3. Pay attention to the classification boundaries of helium-containing mixtures and related products: The Announcement clearly targets helium (2804290010), but whether helium-containing mixtures, helium-oxygen mixtures, and the like fall within the scope of control needs to be judged in light of the specific customs tariff number. Enterprises should confirm the classification and applicability of their actual products with the local customs or competent commerce authority, and must not expand or narrow the interpretation on their own.
4. Adjust inventory and procurement strategies: After exports are blocked, helium inventory originally intended for export may be redirected to domestic sales, but the domestic market's absorption capacity and price changes should be assessed at the same time; downstream helium-using enterprises (semiconductors, healthcare, optical fibers, etc.) should strengthen communication with upstream suppliers and, when necessary, lock in long-term agreements and improve helium recovery and reuse to enhance supply-chain resilience.
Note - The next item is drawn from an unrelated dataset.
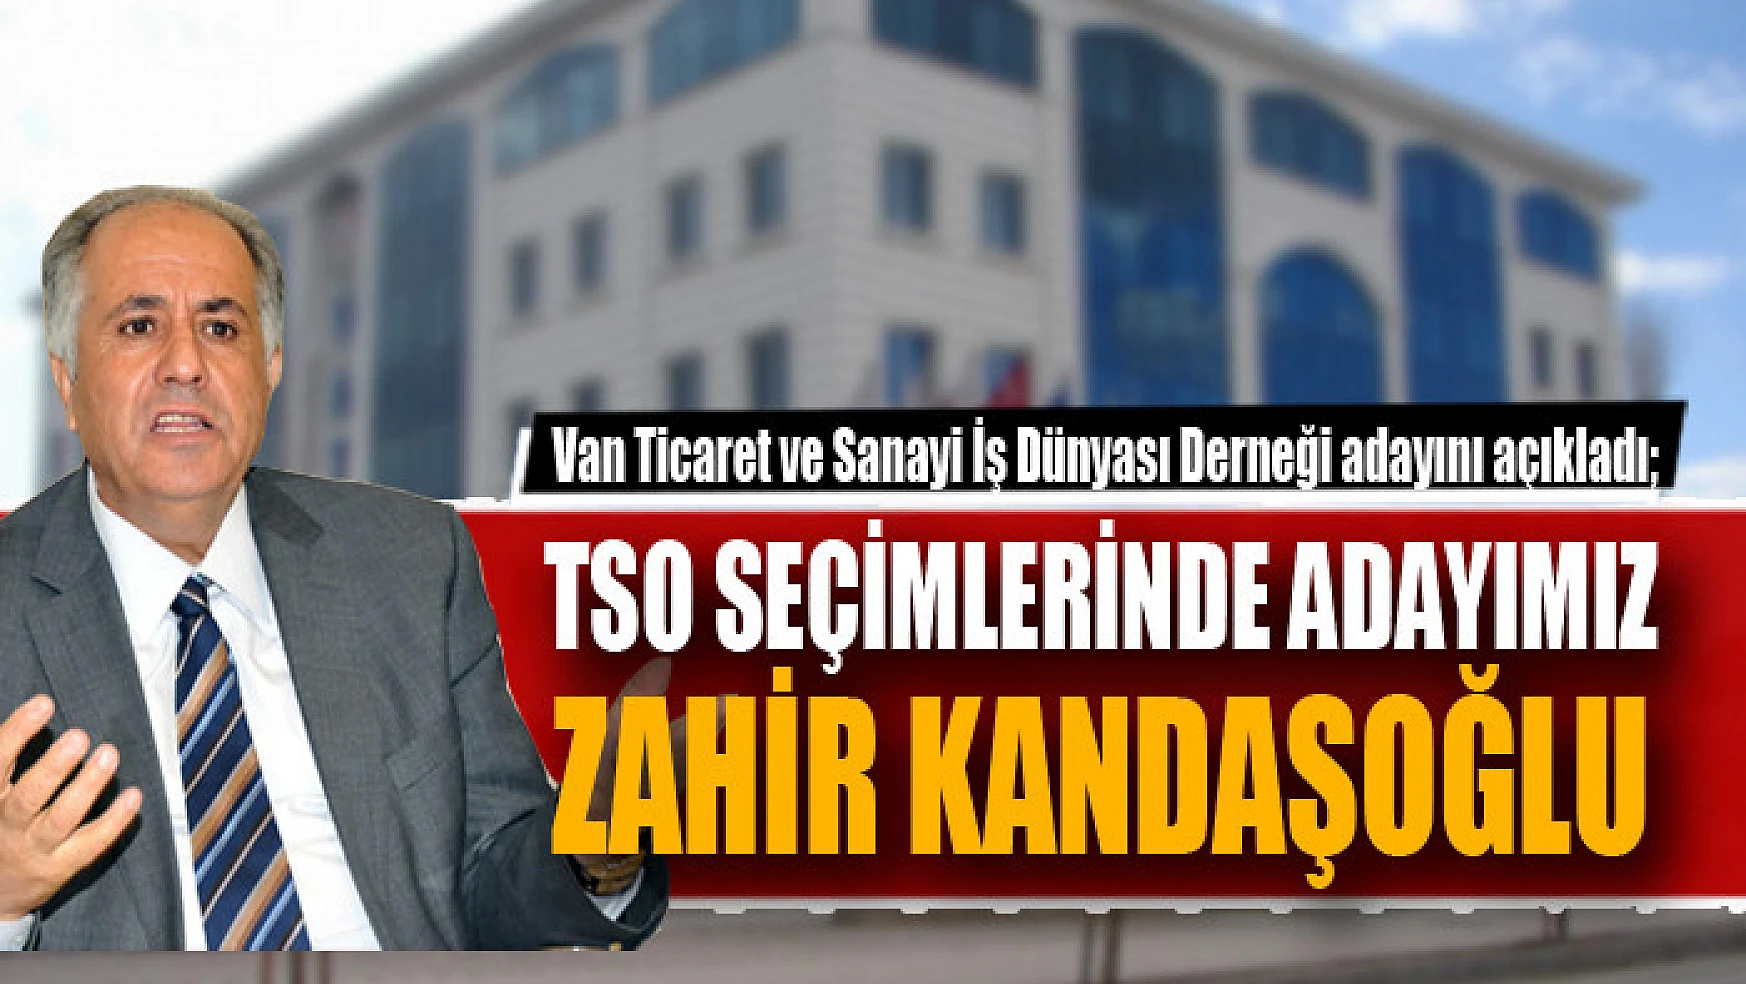 Van Ticaret ve Sanayi İş Dünyası Derneği adayını açıkladı TSO seçimlerinde adayımız Zahir Kandaşoğlu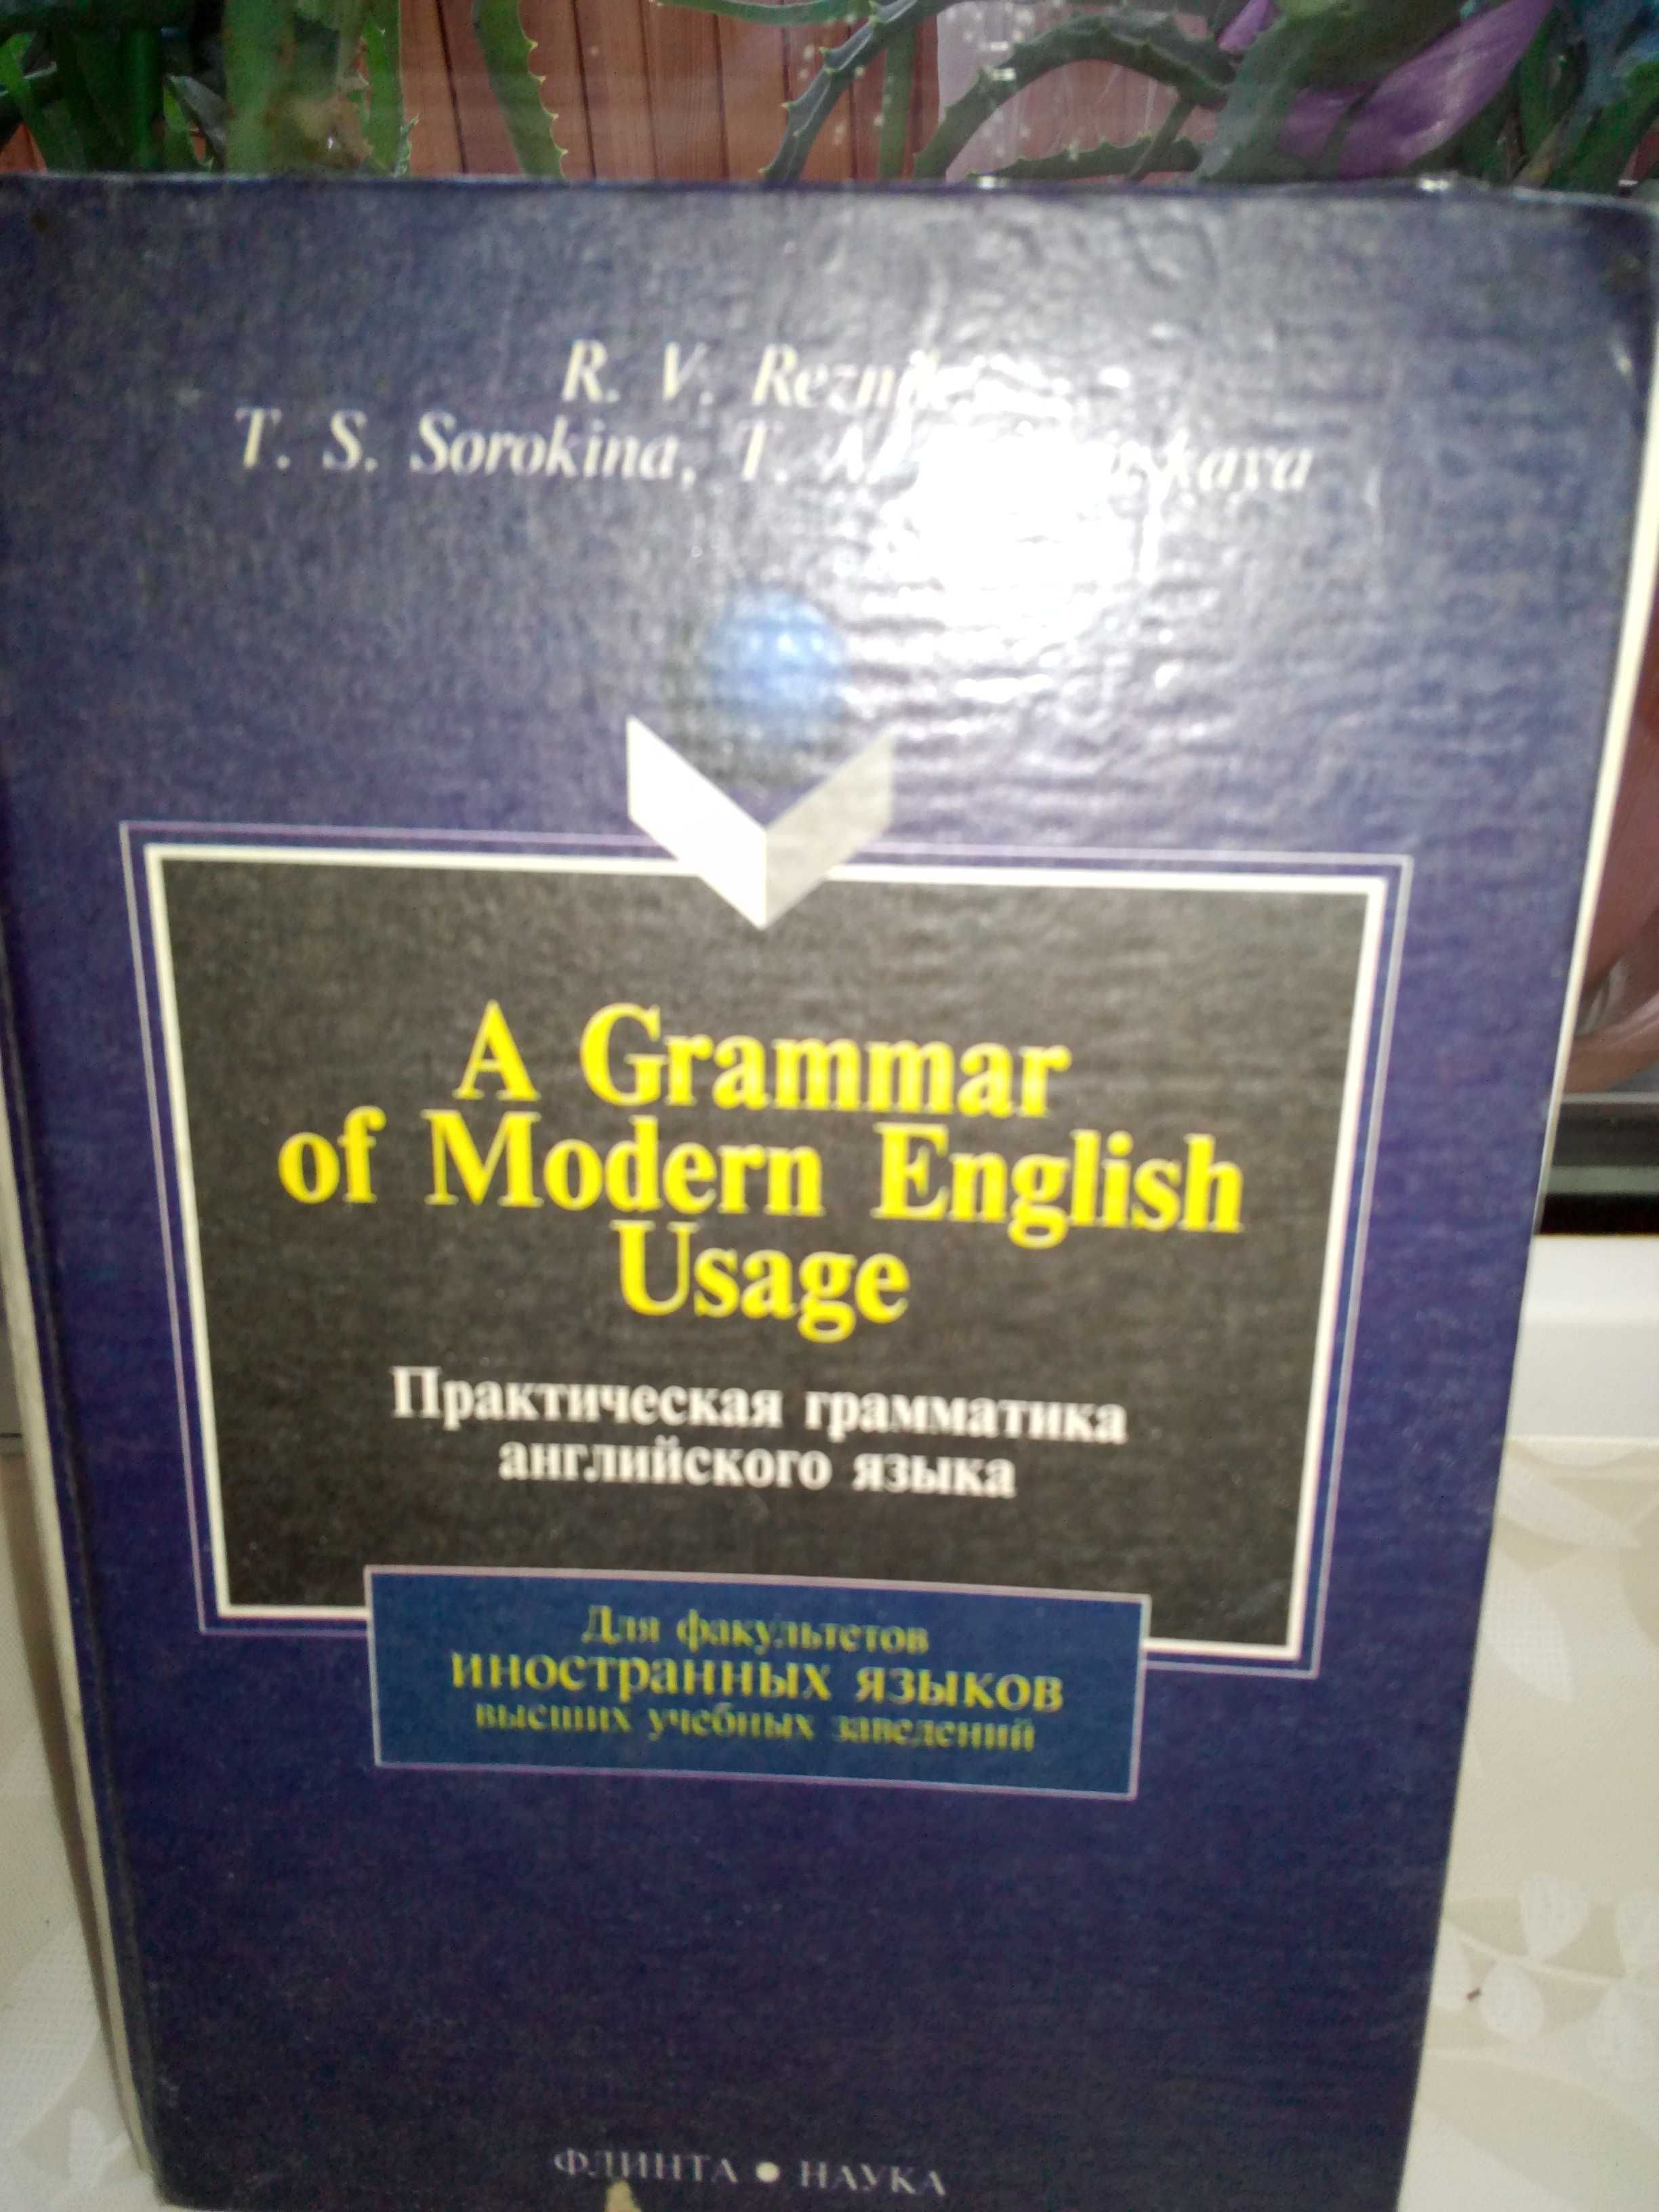 Учебник "Практическая грамматика английского языка"

5. Closely track subsequent announcements and policy developments: The Announcement explicitly states that "subsequent related adjustments will be announced separately," and the word "temporary" means the ban may be adjusted, continued, or lifted as circumstances change. Enterprises should establish a standardized tracking mechanism that covers MOFCOM, the GAC, and the China Export Control Information Network (CECIN) to obtain adjustment information at the earliest opportunity and adjust their business arrangements accordingly.
6. Embed trade compliance review into business processes: This helium ban is characterized as "temporary and outside the catalog." Enterprises can't anticipate all risks from a fixed catalog. It's best to front-load import and export compliance review into procurement, sales, and customs declaration processes and establish an internal review mechanism for transactions involving sensitive items to avoid passive violations caused by temporary policy adjustments.